AI-EDI-SPACE: A Co-designed Dataset for Evaluating the Quality of Public Spaces
- URL: http://arxiv.org/abs/2411.00956v1
- Date: Fri, 01 Nov 2024 18:11:29 GMT
- Title: AI-EDI-SPACE: A Co-designed Dataset for Evaluating the Quality of Public Spaces
- Authors: Shreeyash Gowaikar, Hugo Berard, Rashid Mushkani, Emmanuel Beaudry Marchand, Toumadher Ammar, Shin Koseki,
- Abstract summary: Crowdsourcing often employs low-wage workers with poor working conditions and lacks consideration for the representativeness of annotators.
We propose a methodology involving a co-design model that actively engages stakeholders at key stages, integrating principles of Equity, Diversity, and Inclusion (EDI) to ensure diverse viewpoints.
We apply this methodology to develop a dataset and AI model for evaluating public space quality using street view images.
- Score: 2.691611484444756
- License: http://arxiv.org/licenses/nonexclusive-distrib/1.0/
- Abstract: Advancements in AI heavily rely on large-scale datasets meticulously curated and annotated for training. However, concerns persist regarding the transparency and context of data collection methodologies, especially when sourced through crowdsourcing platforms. Crowdsourcing often employs low-wage workers with poor working conditions and lacks consideration for the representativeness of annotators, leading to algorithms that fail to represent diverse views and perpetuate biases against certain groups.
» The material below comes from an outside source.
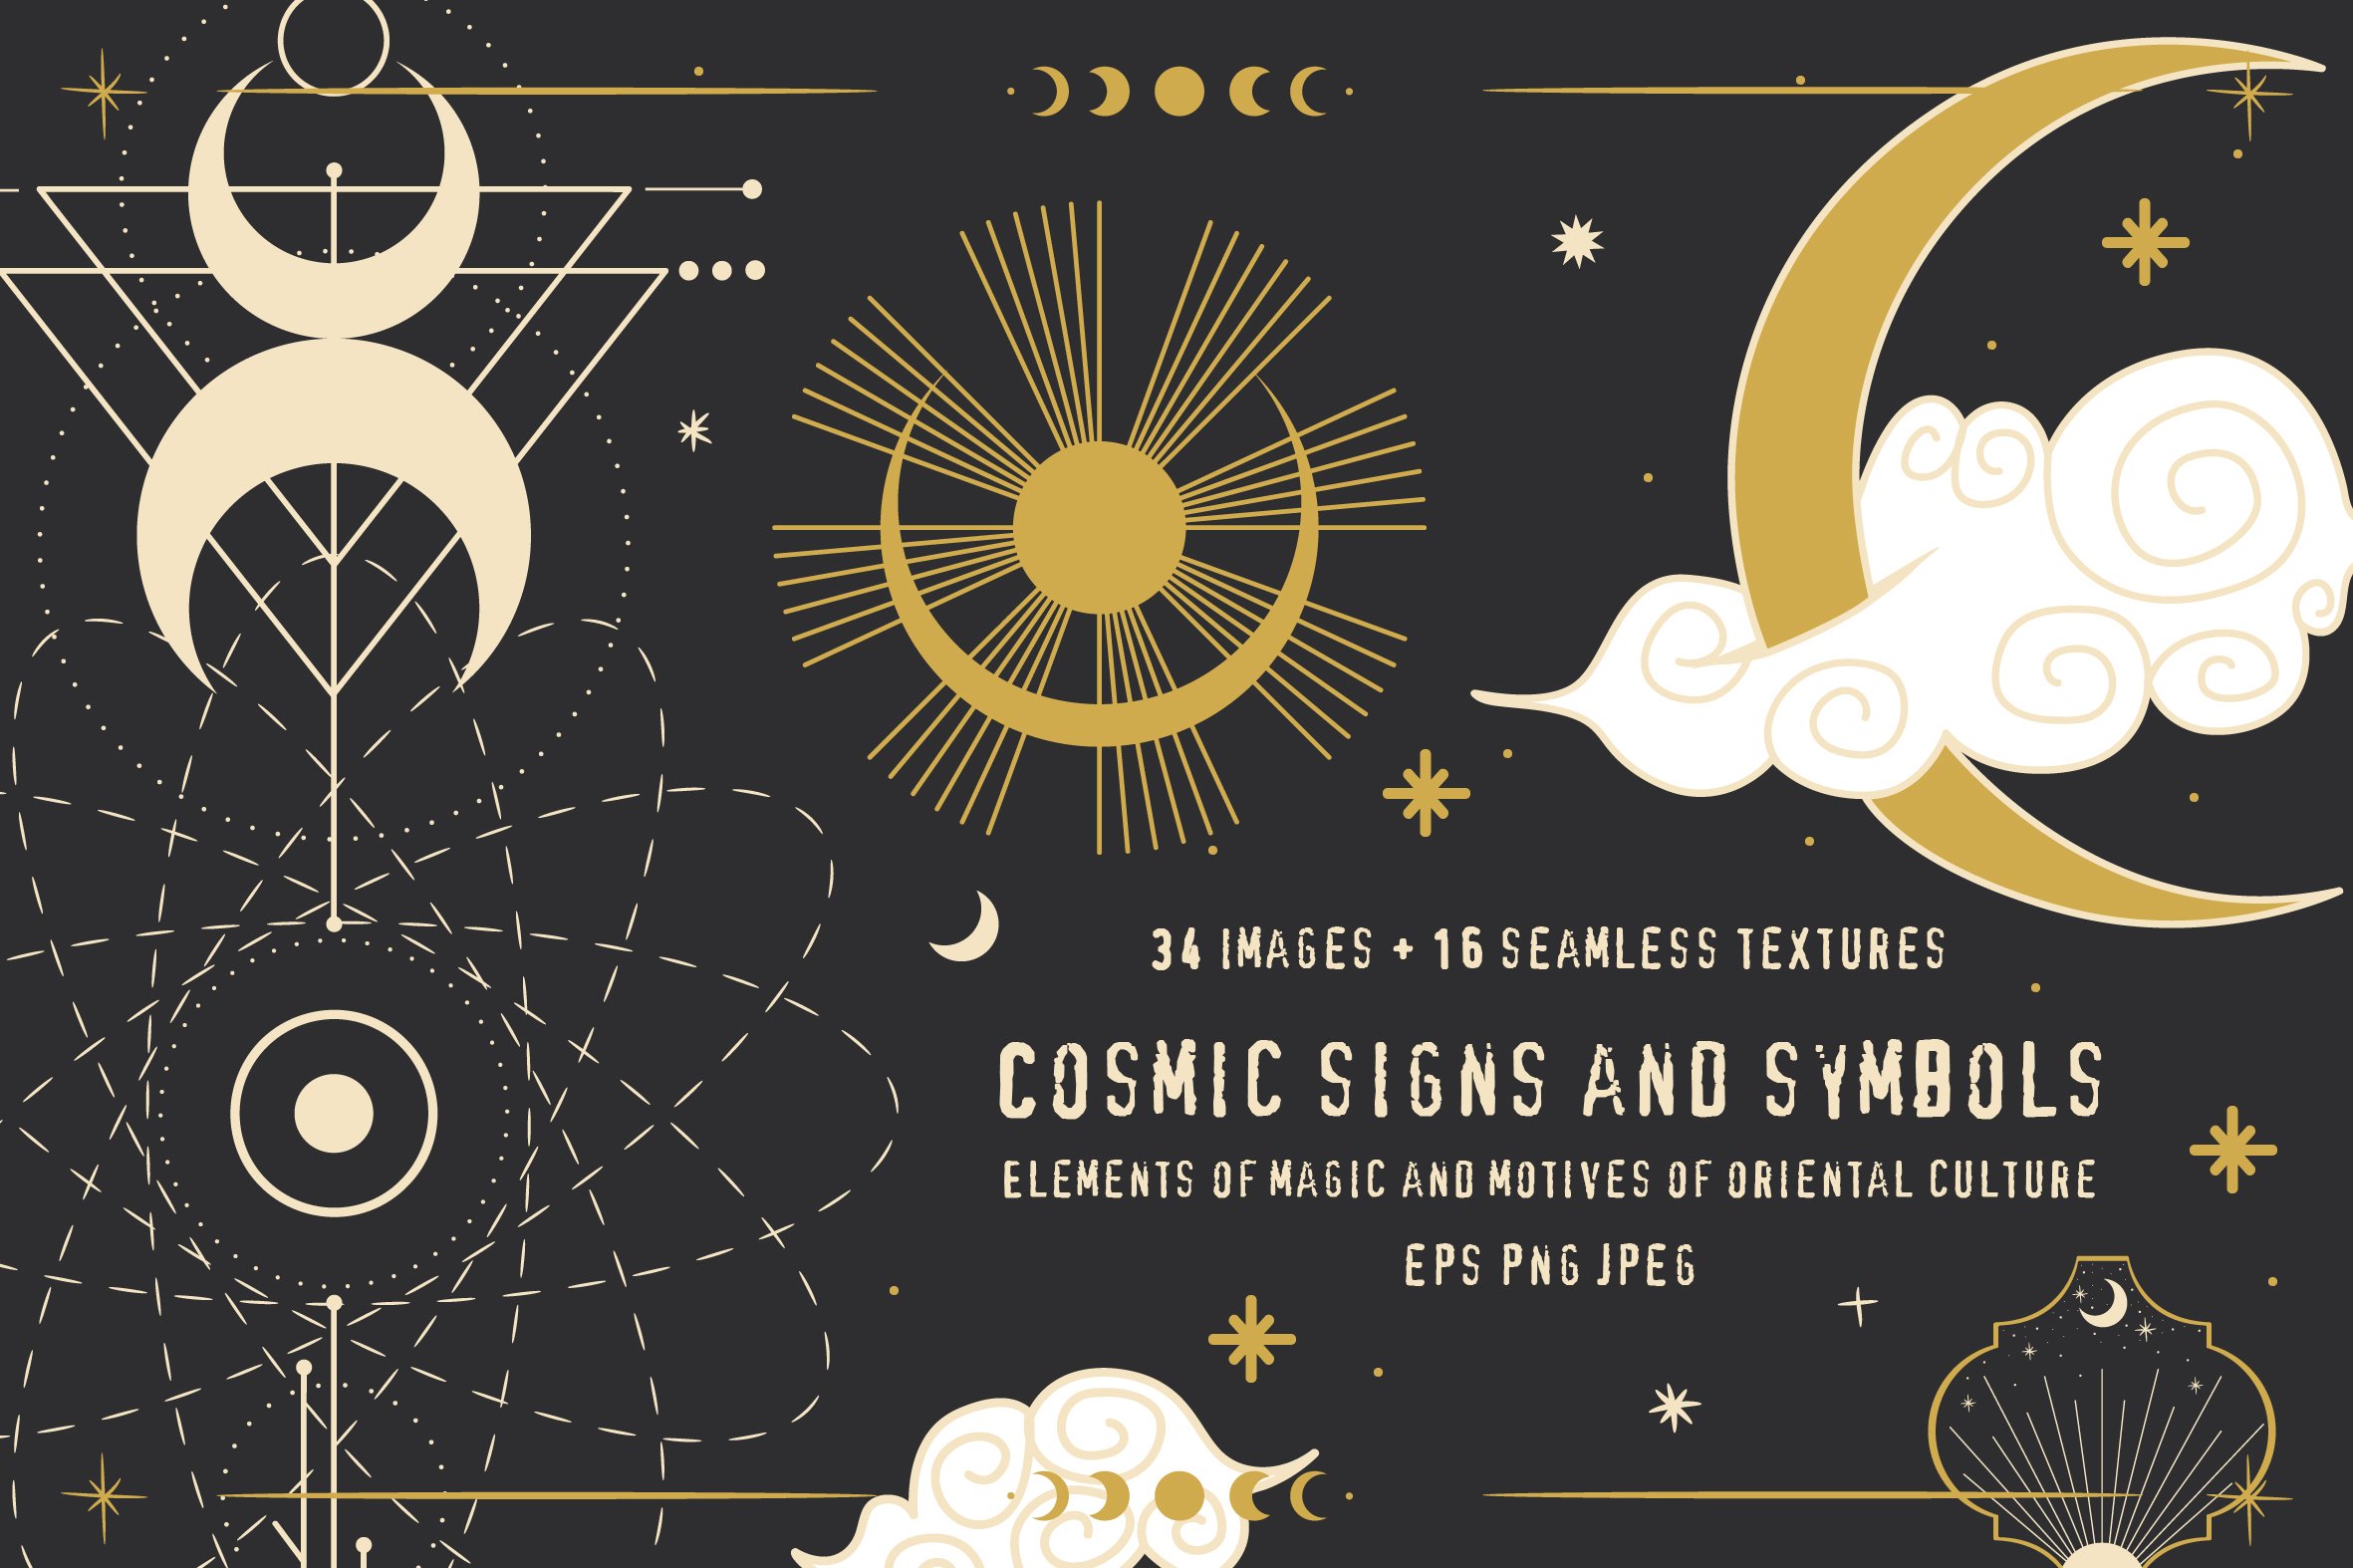 Cosmic signs and symbols cover image.

To address these limitations, we propose a methodology involving a co-design model that actively engages stakeholders at key stages, integrating principles of Equity, Diversity, and Inclusion (EDI) to ensure diverse viewpoints. We apply this methodology to develop a dataset and AI model for evaluating public space quality using street view images, demonstrating its effectiveness in capturing diverse perspectives and fostering higher-quality data.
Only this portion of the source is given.